● Work request
Word for word, copy the entire listing below, but do not carry over any pictures.

● Given information
%%
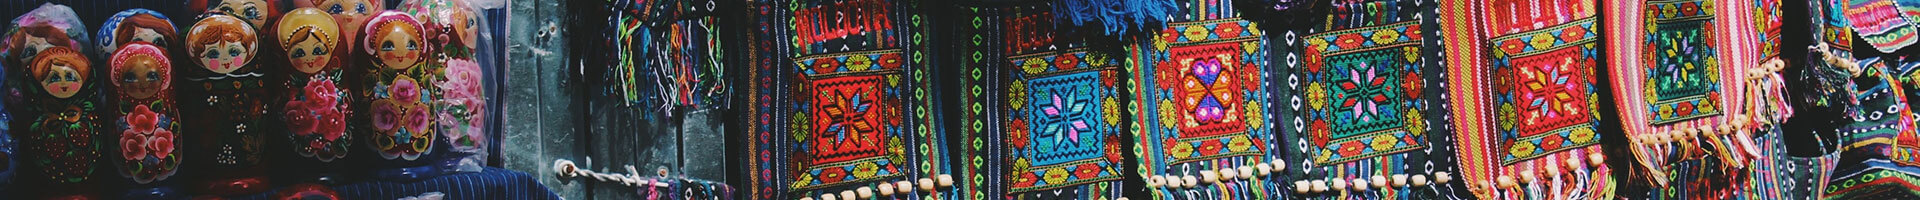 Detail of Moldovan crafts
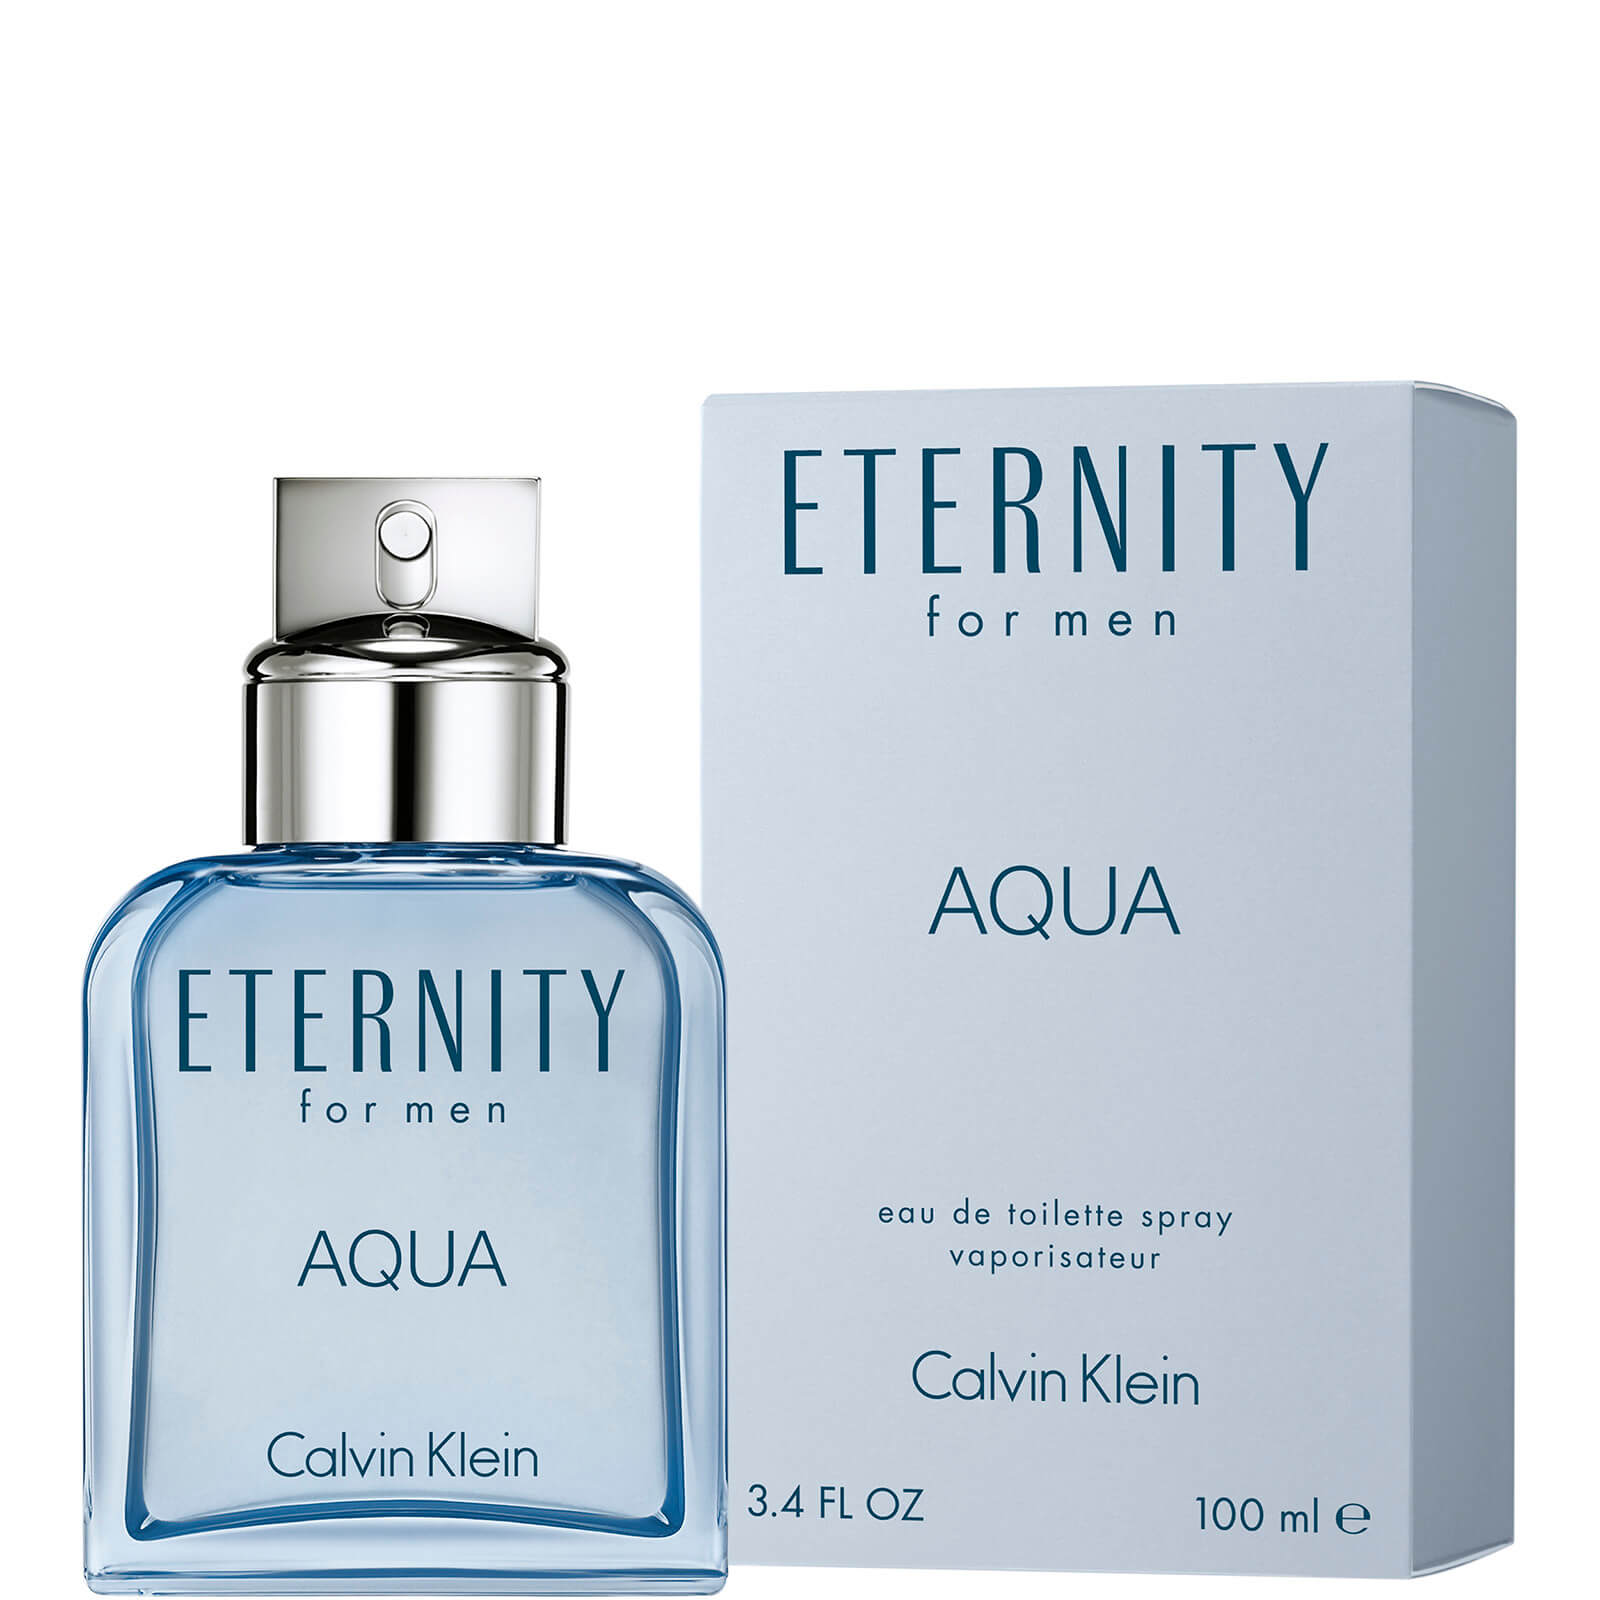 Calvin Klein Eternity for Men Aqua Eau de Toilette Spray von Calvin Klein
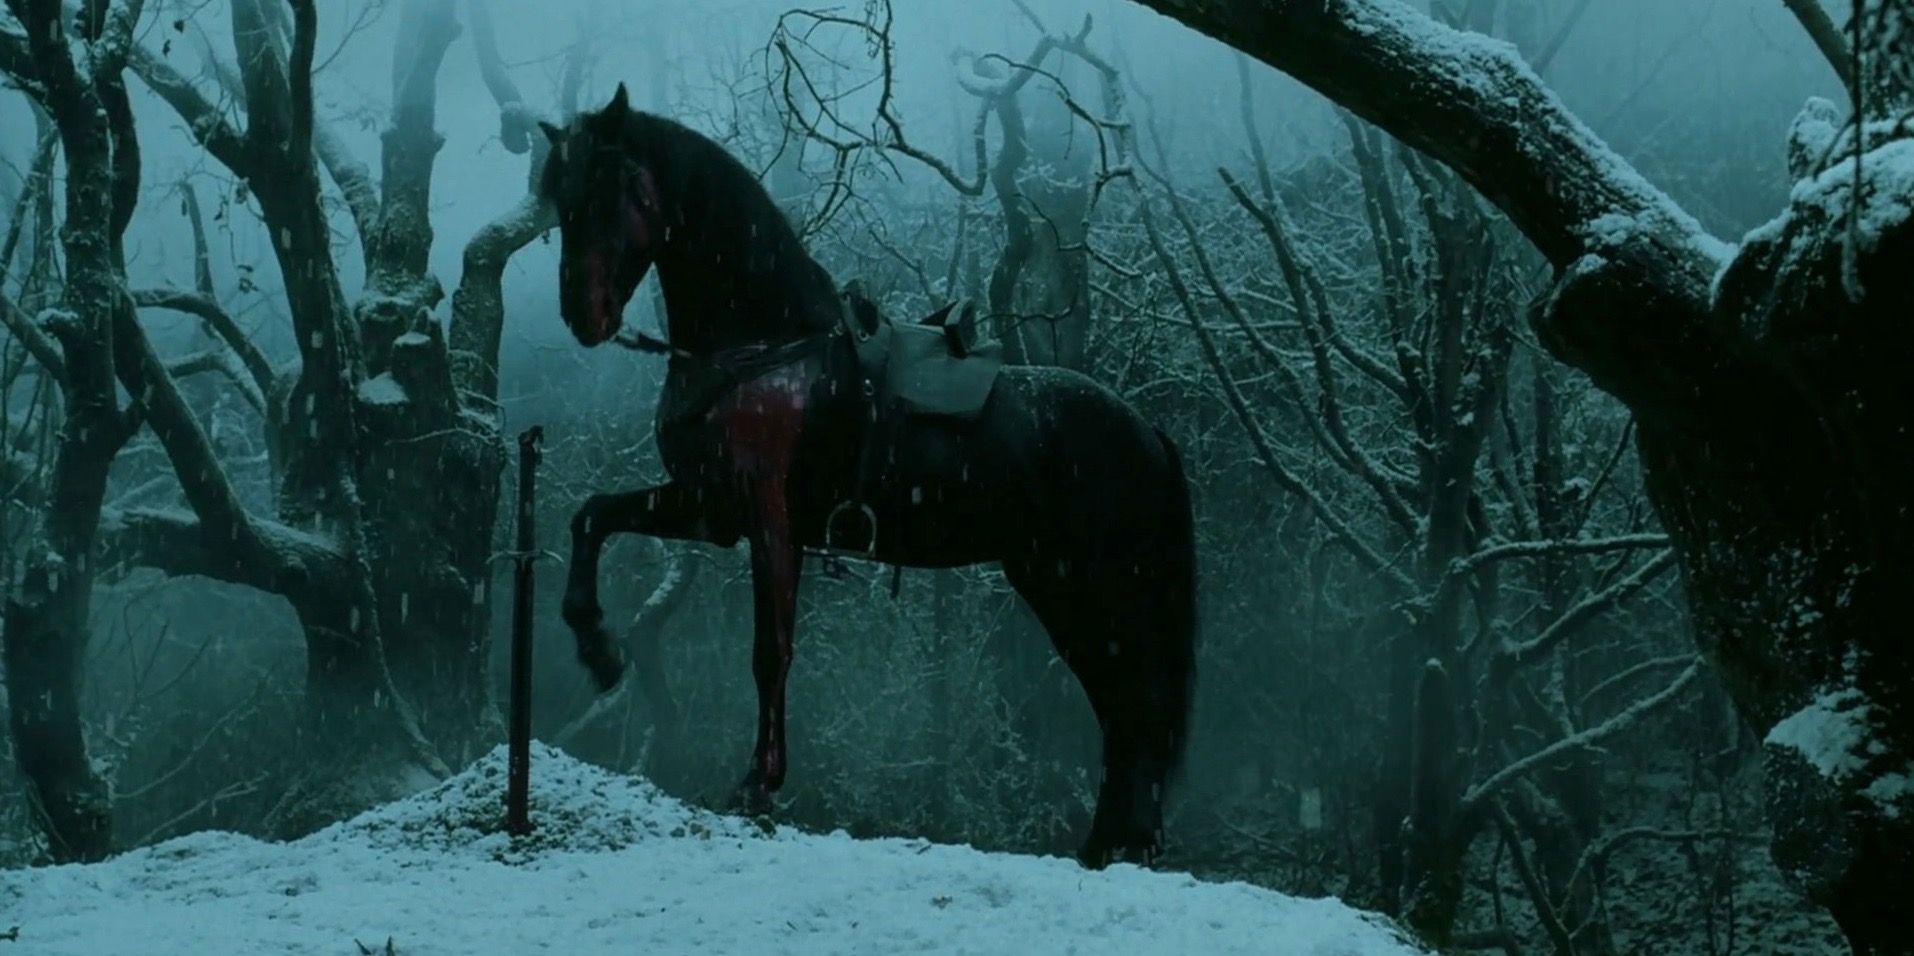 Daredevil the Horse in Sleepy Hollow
%%
● Answer section
 Detail of Moldovan crafts
 Calvin Klein Eternity for Men Aqua Eau de Toilette Spray von Calvin Klein
 Daredevil the Horse in Sleepy Hollow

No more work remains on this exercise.